Sunday Independent (Ireland)

Cookies are a whole other ball of wax

- AINE O’CONNOR

ILOVE the internet. I can be reading or watching or talking about anything, have a query and scratch my curiosity itch instantly online. So whether it’s what year they made The Big Lebowski, how tall Jeff Bridges is or how many pieces are in the world’s biggest jigsaw (51,300 if you’re wondering), I can find out these urgent facts with delicious speed.

The problem is the ads you get bombarded with afterwards. The kids and I oft debate whether our devices are listening to us too. Sometimes you get ads for things you didn’t Google, but you did discuss. That’s up for debate but the search-related ads issue is a known fact.

They say it’s so they can tailor ads to your needs. The thing is, not everything you Google is something you like, want or need. My Italian likes soccer and the odd time I check results for him. Now my phone thinks I need to see recaps of any match played by an Italian team. I was watching my guilty pleasure, 90 Day Fiance, a guy was saying he had spent $10,000 on chatting to Russian women on websites. I wanted to know how those websites worked. Now I keep getting ads to chat to Vanya, (25), in Kiev.

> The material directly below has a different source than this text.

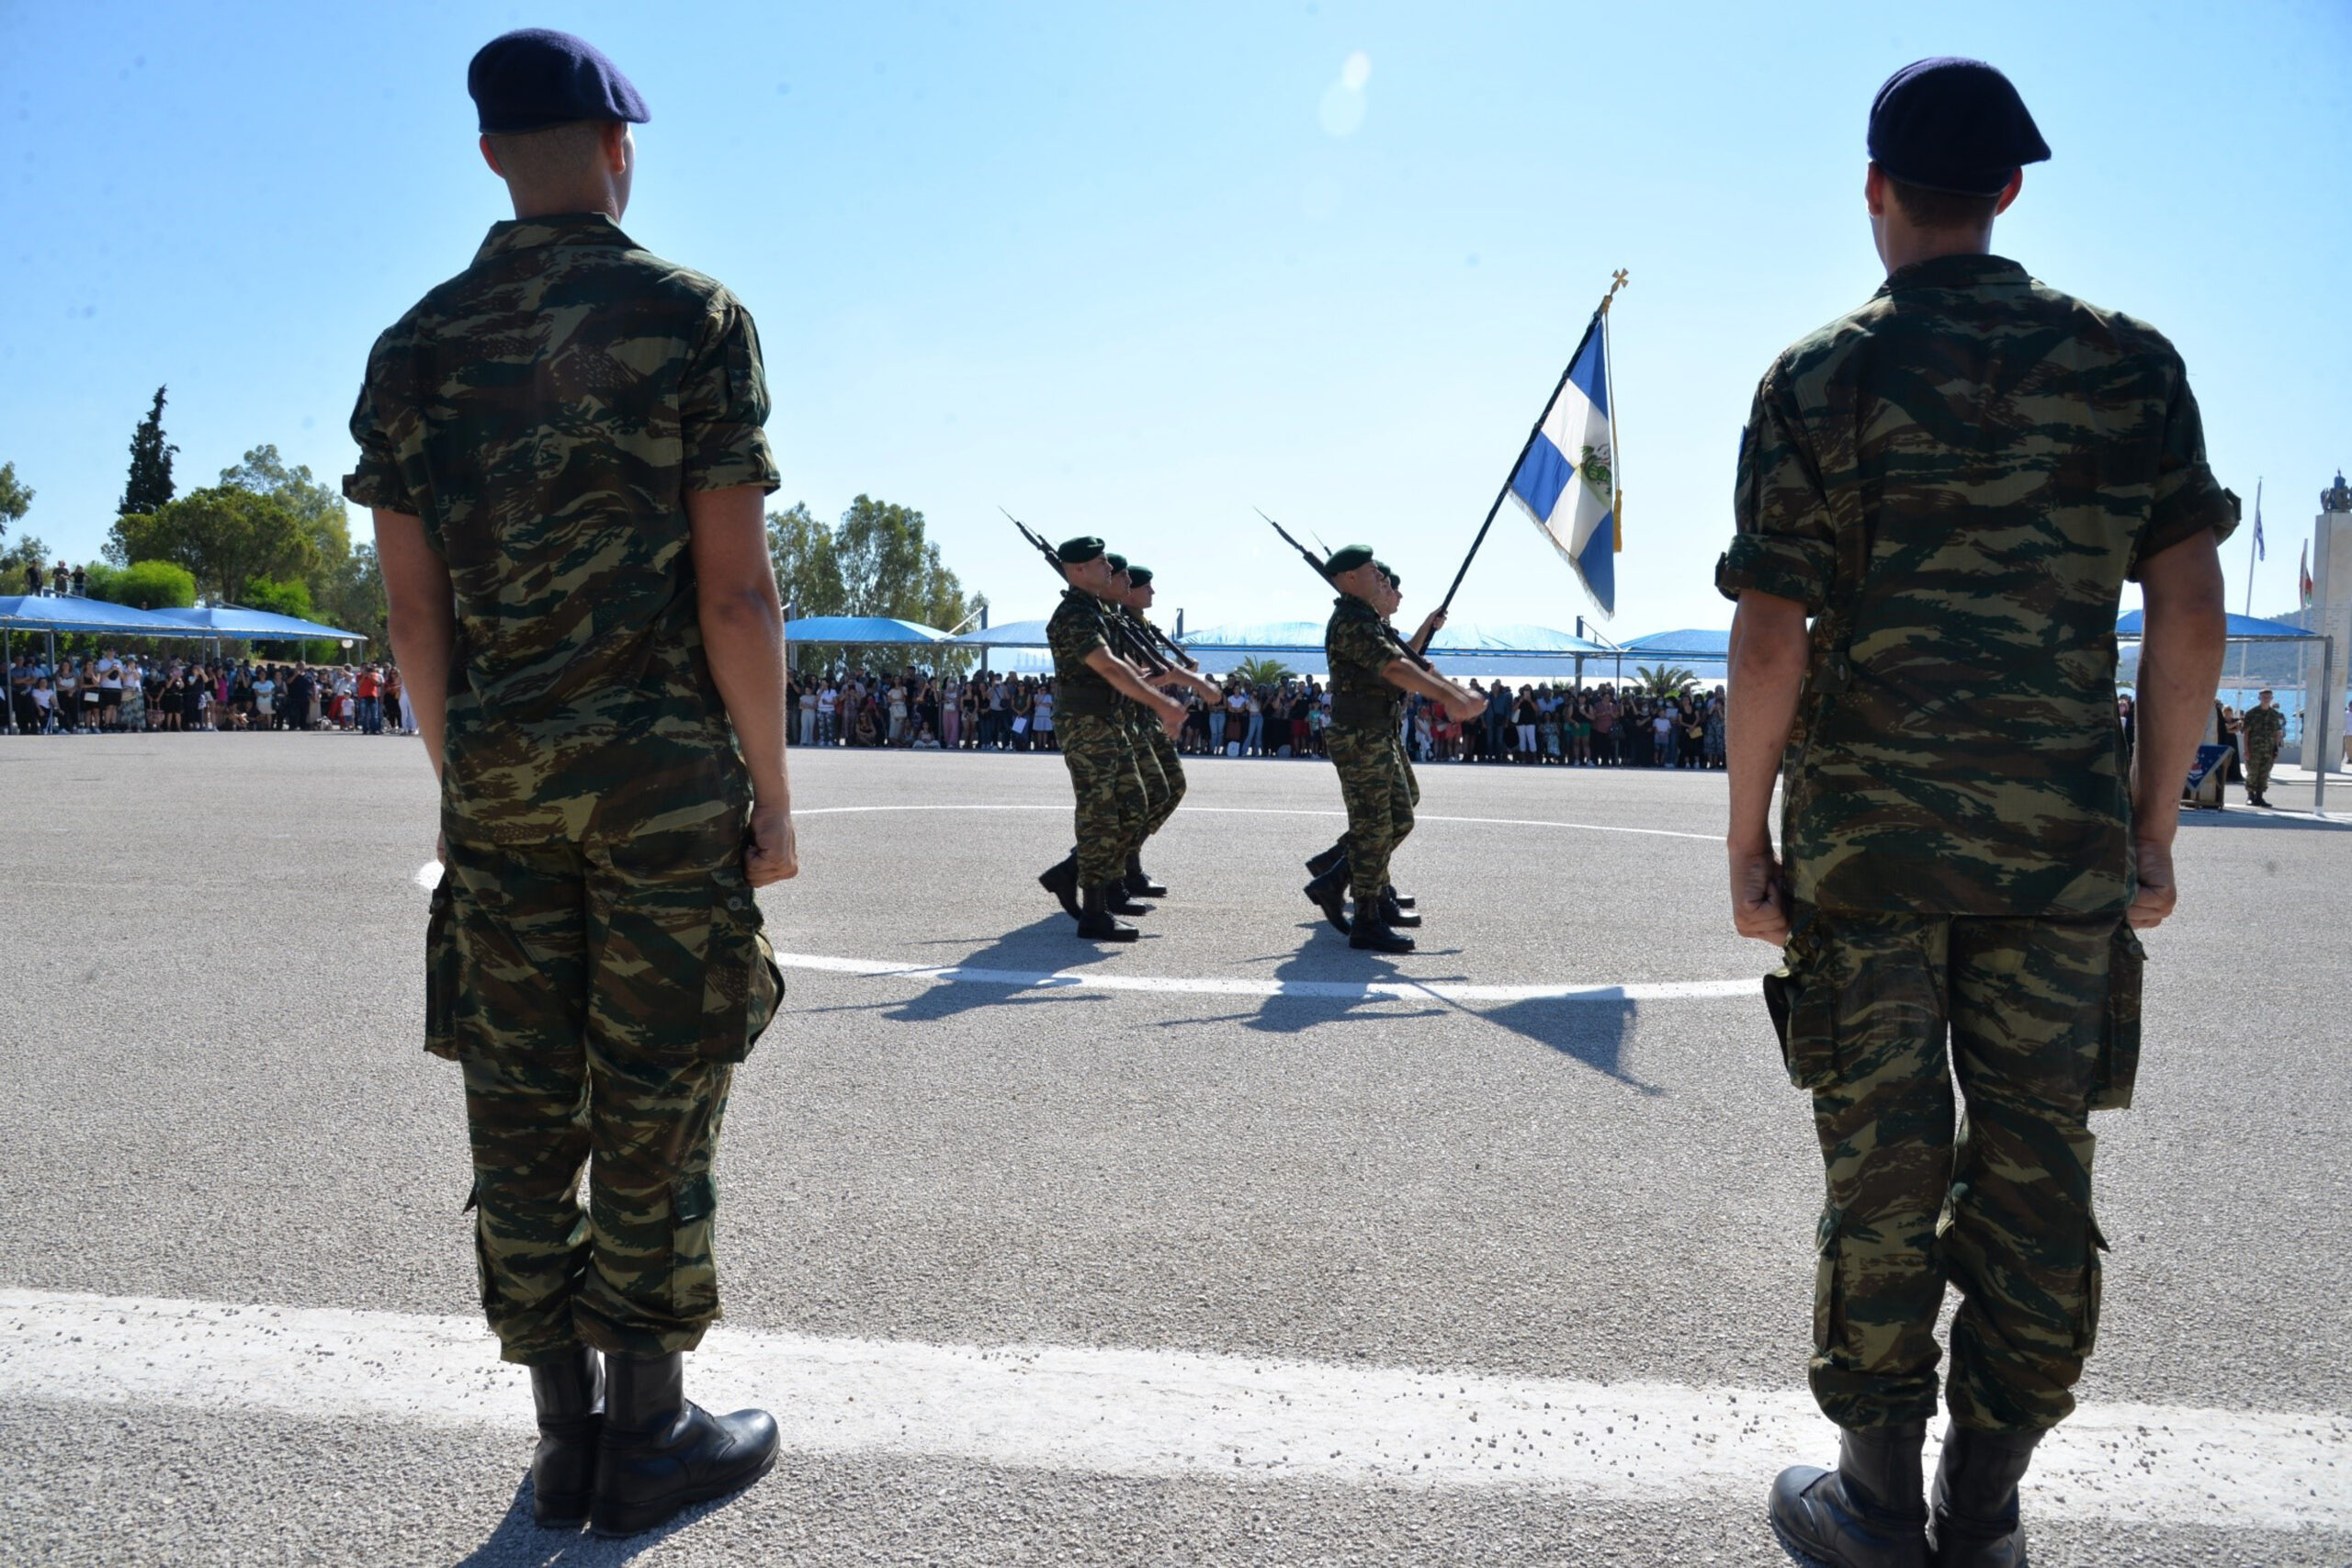 Στρατιωτική θητεία: Αυτά είναι τα τέσσερα βασικά σημεία του φινλανδικού μοντέλου που υιοθετεί η Ελλάδα – Πώς θα εφαρμοστεί

I was reading about forced sterilisat­ion in California, that took me down a rabbithole of eugenics and war crimes, I don’t know how the advertisin­g algorithms process that, maybe I just go straight on a watchlist. I was discussing the general tracking concept with a friend. “What I can’t work out is what I have looked up or talked about to be so plagued with this really graphic ear wax ad,” she said. Me too! I get that one as well. I can only assume it’s because the gods of cookies assume we’re of an age to have big cloggy old ears. I hope Vanya in Kiev doesn’t find out.